Matthew Aslett, November 14, 2007 @ 3:37 pm ET

Here at OpenWorld Oracle hosted a round table on its open source strategy earlier today. Here’s what happened as it happened, including Oracle’s engagement with open source communities and contributions to Linux and open source middleware.
NB All comments are paraphrased unless direct quote marks are used.

The players:
Ken Jacobs, VP of product strategy, server technologies division.
Omar Tazi, chief open source evangelist
Mike Olson, VP embedded technology, former Sleepycat CEO
Ed Screven, chief corporate architect
(Moderating) Monica Kumar, senior director product marketing, Linux and open source
Wim Coekaerts, VP of Linux engineering, corporate architecture

MK: How does Oracle view open source?

ES: Oracle consumes open source technology. It doesn’t look at it as something that’s good or bad or contradictory to its business model, it’s something that’s just different.

MO: As CEO of an open source vendor his goal was to deliver revenue and make everyone happy. That hasn’t changed. Oracle doesn’t do open source because it does political or spiritual good. Oracle does open source because it’s good for our customers and drives revenue.
Oracle’s involvement with projects is pragmatic. If Oracle thinks it will benefit customers and help drive revenue it will participate. Oracle’s involvement in open source is aimed at improving experience of Oracle technology for our customers.

MK: How does Oracle engage with the community?
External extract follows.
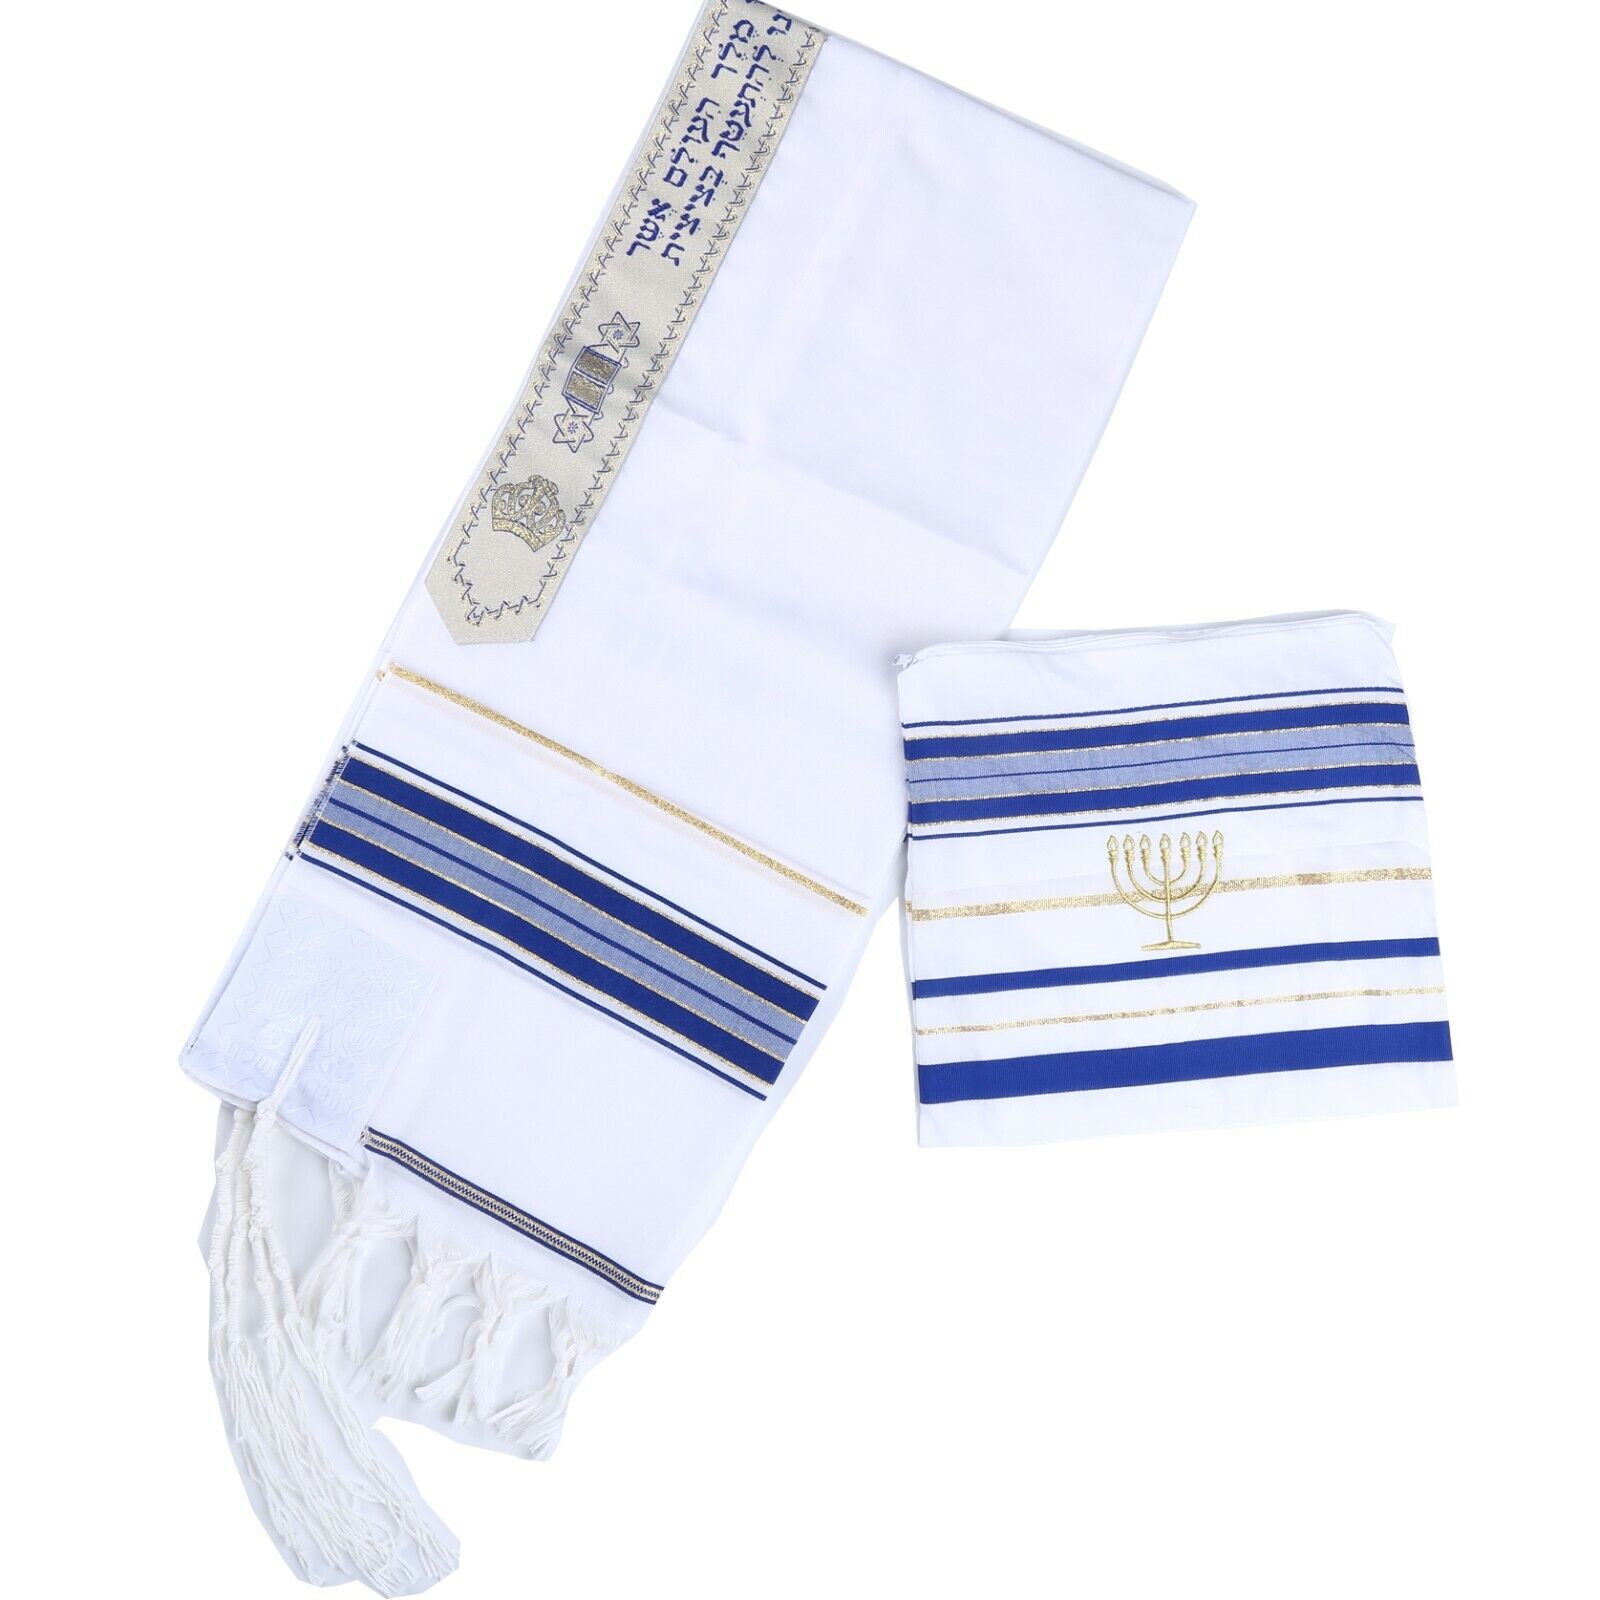 Tallit Prayer Shawl Jewish Gold Blue Made in Israel with Bag Gift Talit Tallits

WC: Oracle’s involvement with Linux started a long time ago, unofficially at first. Then it started helping Linux do better for the Oracle product stack, and tried to make Linux more stable so that customers could take it into production, but “anything we do for Oracle by default is good for everybody else.”

An advantage of working for a big company is that thousands of machines in data centre gives it a good test bed. There are 4,000 CPUs running Oracle 24/7, all running Linux.

Oracle also has many customers running Oracle on Linux in production, and if there’s a problem, whether it’s the database or the operating system everybody always calls Oracle first. Diagnostics; Linus for a long time did not care. It’s nice that he changed that opinion, but people at home (individual developers) are not interested in making diagnostics better, it’s not a cool project, but when you work at a company like Oracle it is very important.

Oracle, like Red Hat, like Novell, has Linux developers. There are a lot of developers at Oracle who don’t work on Oracle at all, they just work on Linux.

MK: What has Oracle done to contribute to Linux?

WC: Fixed tones of bugs. File systems. BTRFS in development. OCFS 2 in the mainline kernel… “We’re trying to do the right think in the way we work with these communities and we’re doing the same thing with the Xen community, because all the people we have in house are open source developers.”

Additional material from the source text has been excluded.